Hackathons in the city usually conjure images of spaces in Manhattan or downtown Brooklyn. But Jerelyn Rodriguez, 26, organizer for the event, wanted to shake that perception. “I wanted to have a hackathon at a community-based organization in the South Bronx that exposed community members to this type of event,” she said.

Hackers worked from 10 a.m. to 8 p.m. Emily Jung, 16, traveled from Brooklyn to participate. “I never really coded before and wanted to learn,” she said. Jung’s team worked on a Metrocard sharing system to reduce the cost for people in poverty.

Bronx hackathon

Participants of the hackathon work on a video to create awareness about environmental justice.

The teams included young people of color but the room was overwhelmingly male.

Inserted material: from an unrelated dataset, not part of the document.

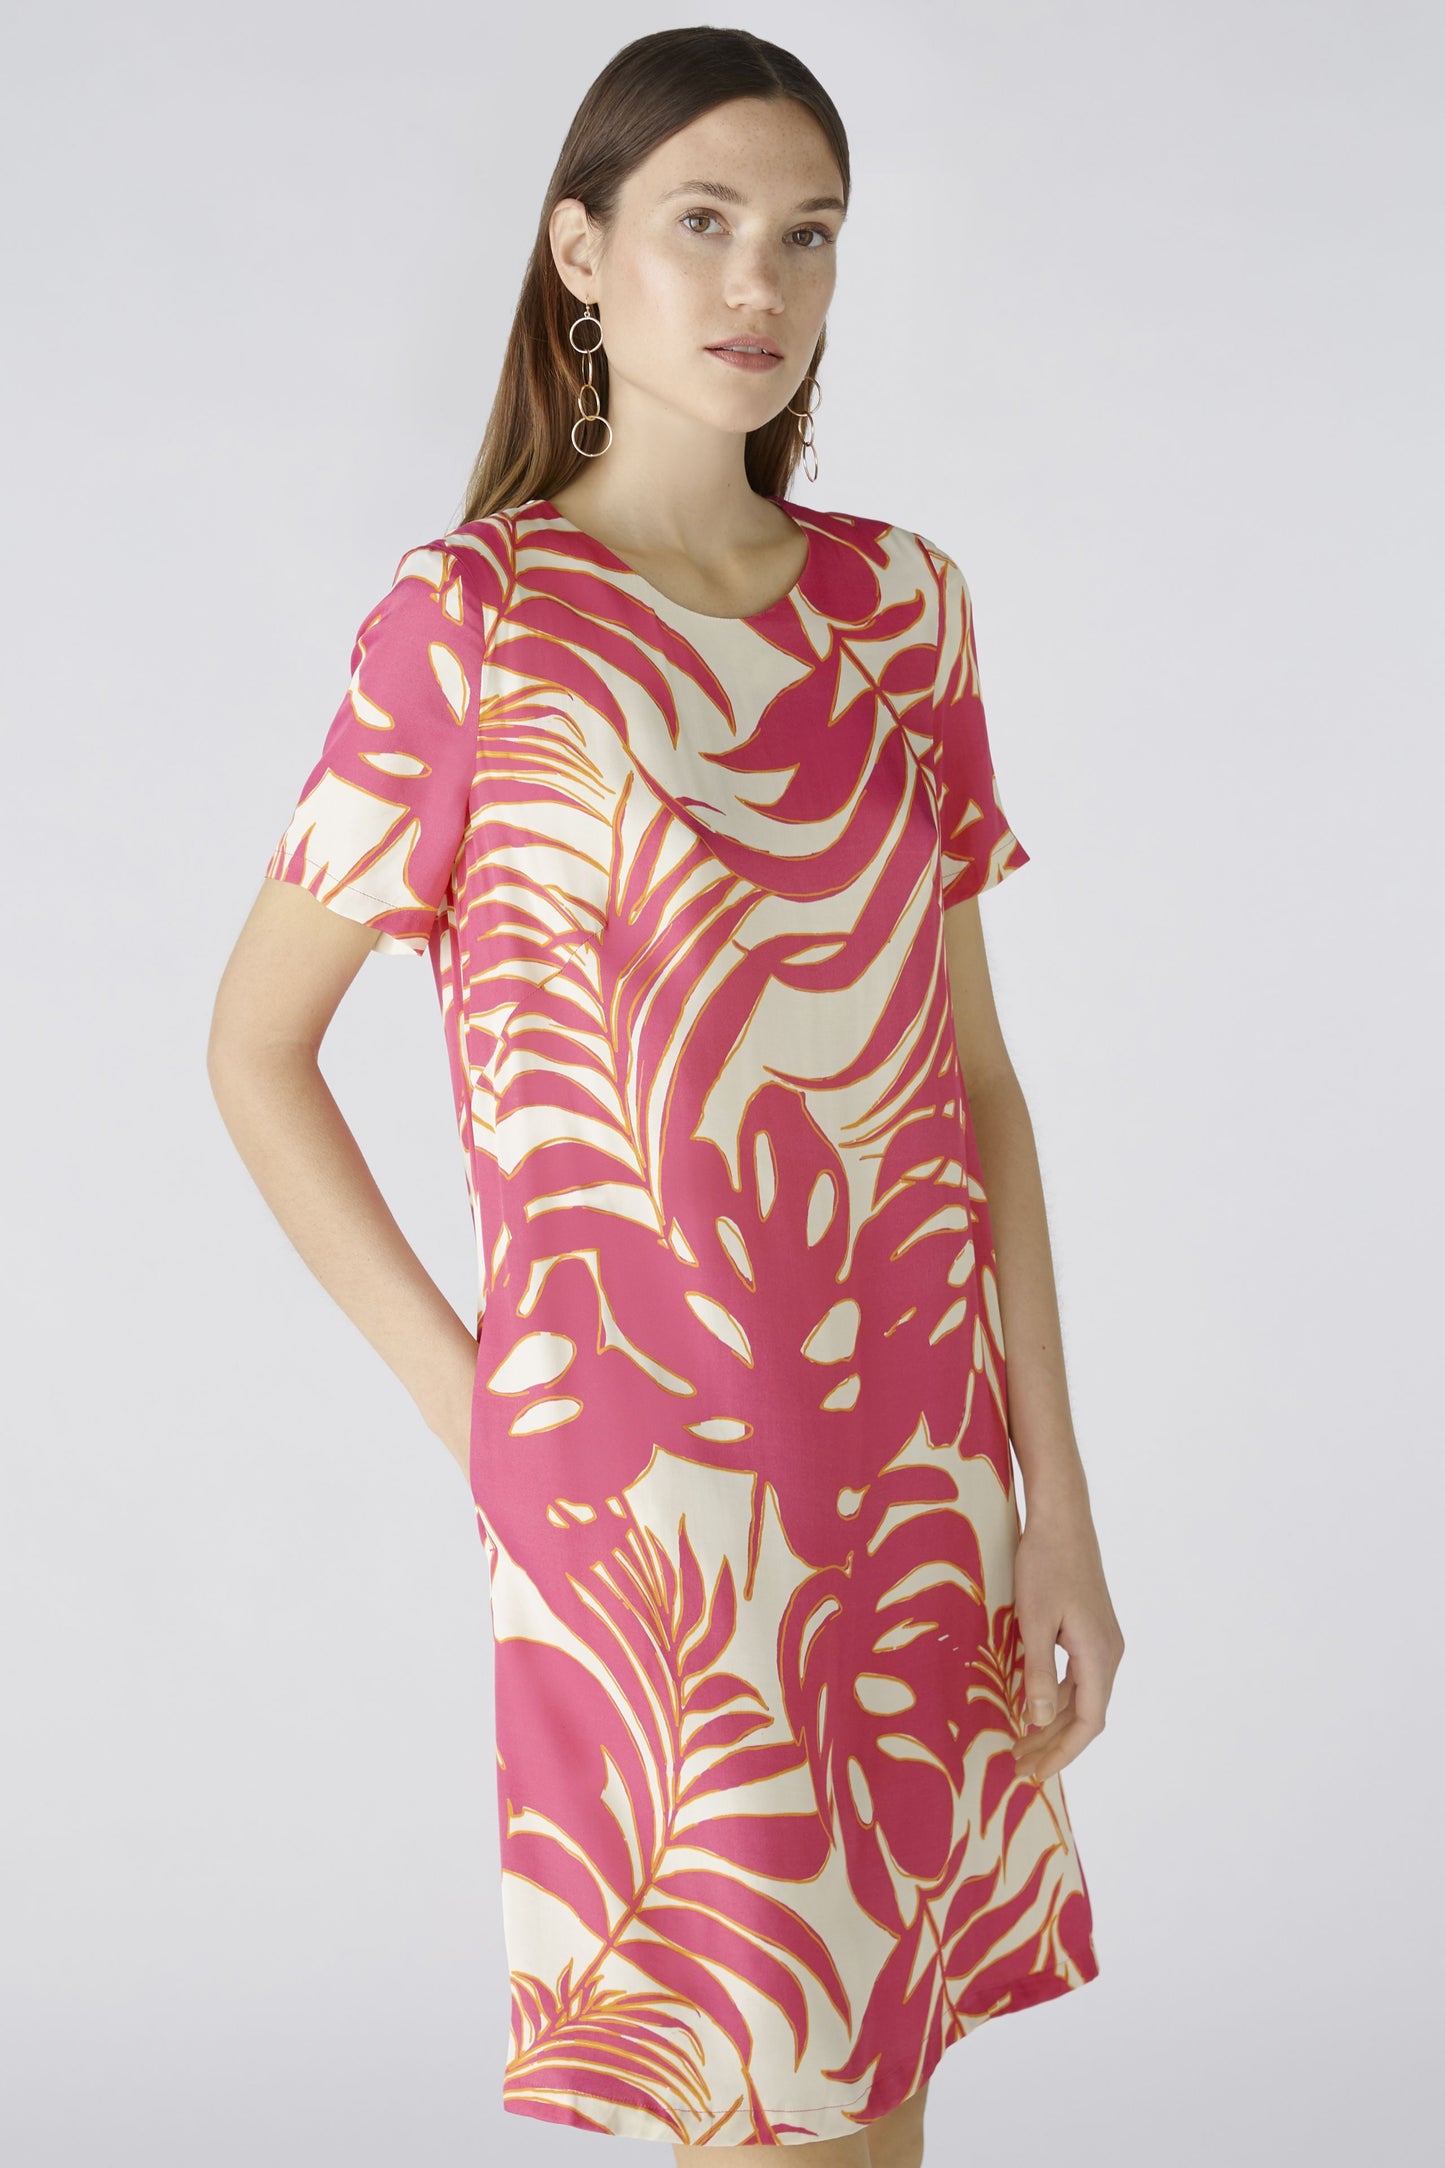 Oui 86713 bold palm print dress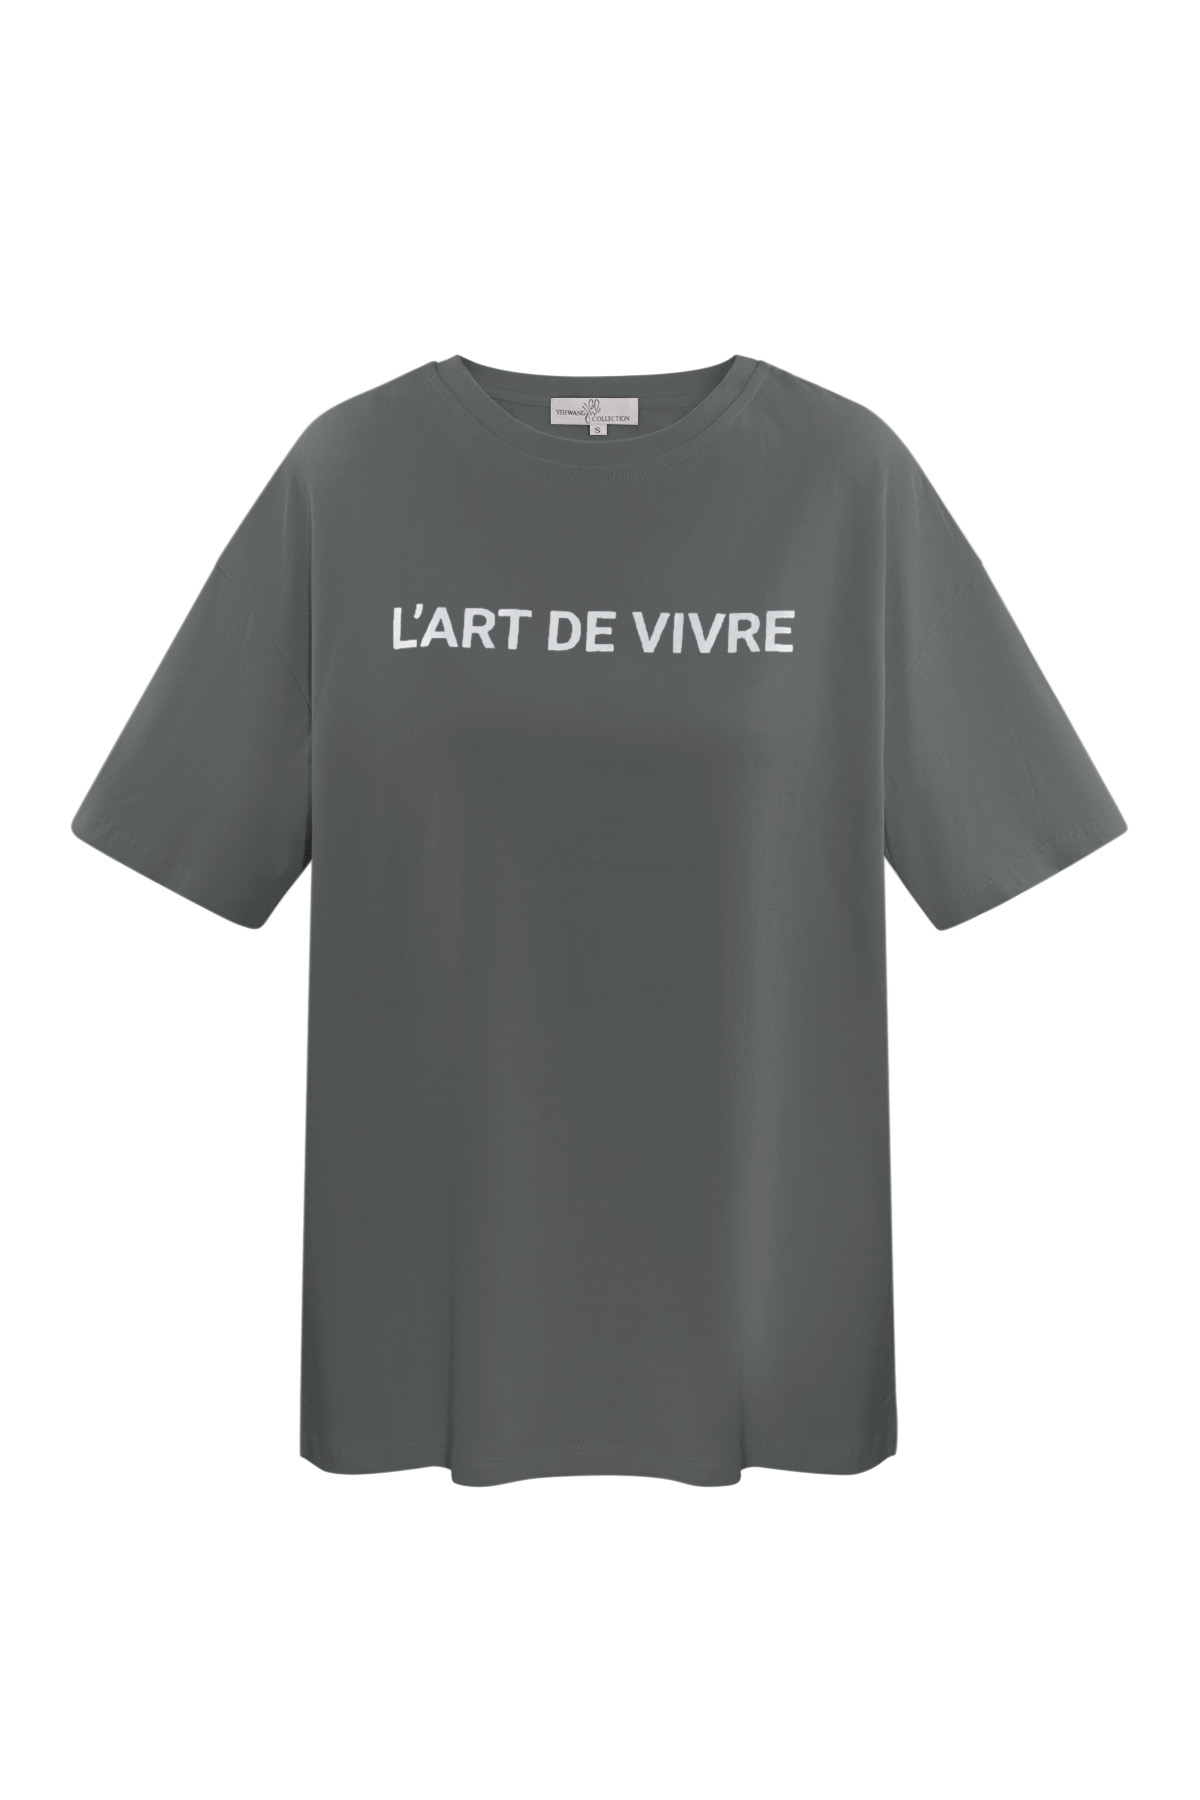 T-Shirt l'art de vivre - grau silber

Young women present explained why women entering the tech industry was important.  “To be honest I want more women to get into technology. I want it to be more females and males so it’s a balance,” Jung said.

Samantha Robinson, 17, of Westchester County, said that while she had a lot of friends interested in technology, they’re not always encouraged. “I’m not a big tech person but I would like to get more into it to have these skills to use in my life,” she said. Her group created a video that explained the effects of river pollution.

Guessan Effi of The Knowledge House, which helped stage the event, says her mechanical engineering classes at City College are overwhelmingly full of men. But, she says, the woman who do stick out studying science, technology, engineering and math will have the most resources. “They’re going to have that support to keep them and push them on,” said Effi, 19.

As the day progressed, teams worried that they wouldn’t finish their projects. Rodriguez said attendees shouldn’t stop working.

“We hope that the attendees take their ideas and keep developing them further so that people actually use them. And that they become solutions,” she said.